In addition to the pH‐dependent release, Mo₁₅₄Gel is also expected to have a NIR‐triggered release, since we previously proved the photothermal conversion of the hydrogel (Figure 3b–d) and the presence of a thermo‐responsive copolymer (CS‐g‐PNIPAAm) in the hydrogel constitution (Figures 1d). To verify this hypothesis, we studied the release of DOX from Mo₁₅₄GelDOX in 3 cycles of ON/OFF laser irradiation at pH 6.2 and pH 7.4 (Figure 3f). All the hydrogel samples were equilibrated in pH 7.4 buffer for 1 h before the laser‐irradiation, to eliminate the burst release effect on the final results. At pH 7.4, NIR‐light irradiation only slightly increased the release by 5%, compared with the sample without NIR irradiation. However, when the hydrogel was irradiated at pH 6.2, there was a significant increase in the release rate by 26% at the end of all cycles. In the first cycle, Mo₁₅₄GelDOX showed similar release behavior compared with pH 7.4 sample, probably because of the ongoing buffer exchange.

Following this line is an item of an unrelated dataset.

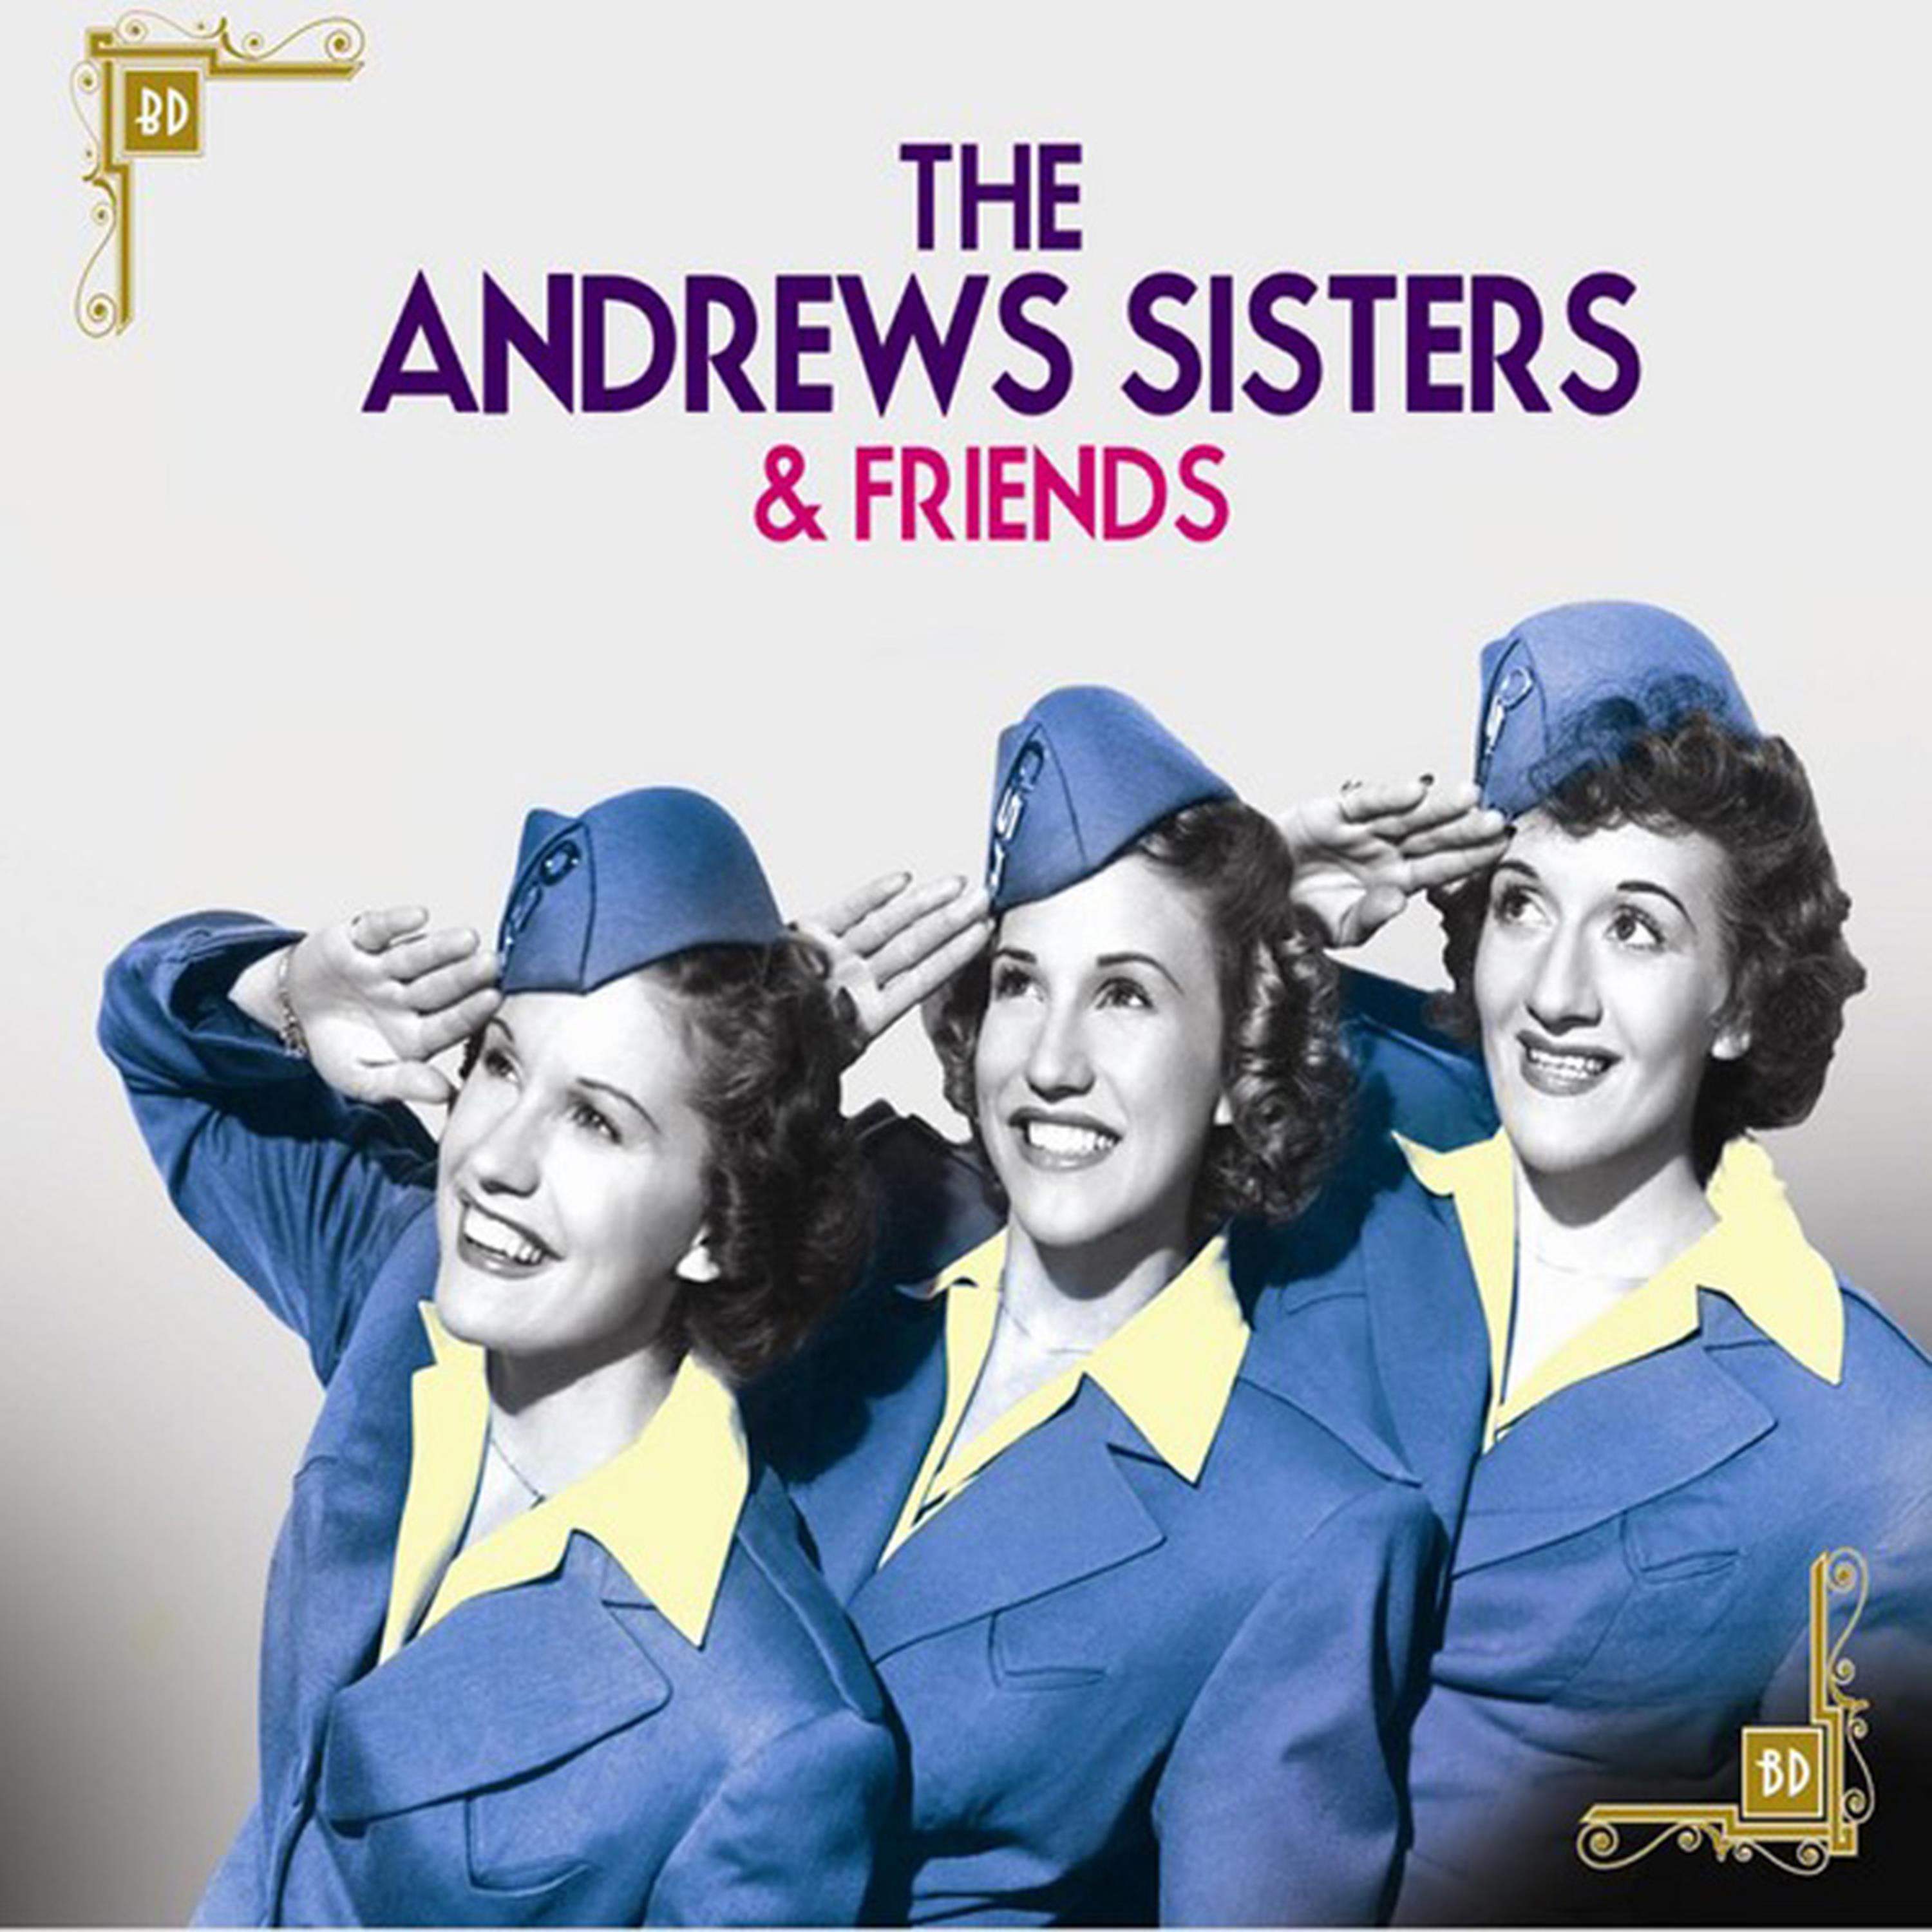 The Andrews Sisters & Friends
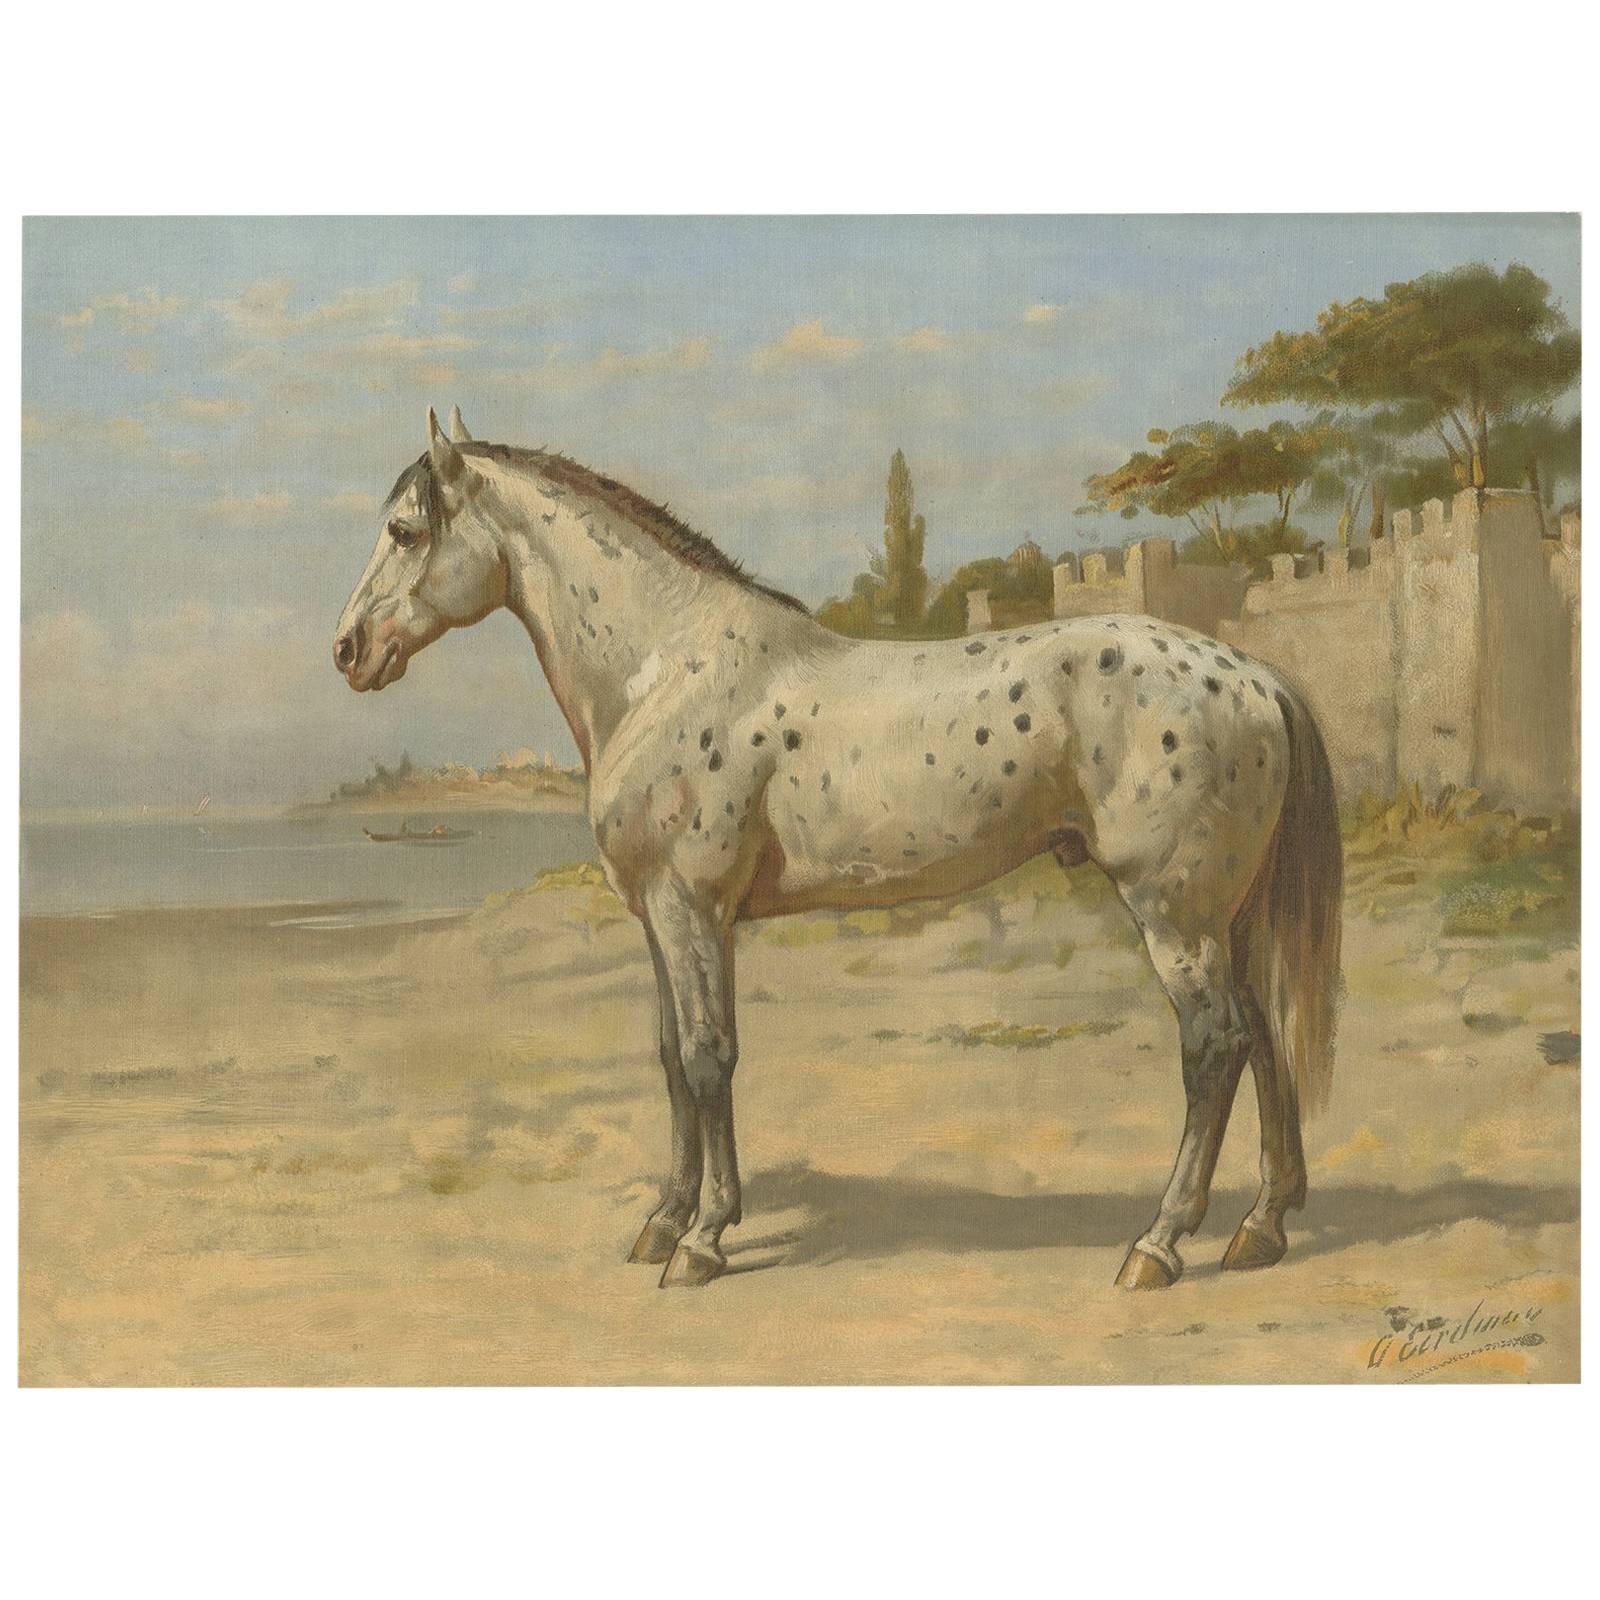 Antique Print of the Turkish Horse by O. Eerelman, 1898

Then, in the second and third cycle, the release rate significantly increased with laser irradiation and immediately slowed down when the laser was OFF, indicating the photo‐thermal responsiveness of the hydrogel. The data confirms the dual‐responsiveness of the hydrogel and the drug release triggered by both acidic pH and NIR light, since it shows that only in the presence of both stimuli there is a significant increase in the release.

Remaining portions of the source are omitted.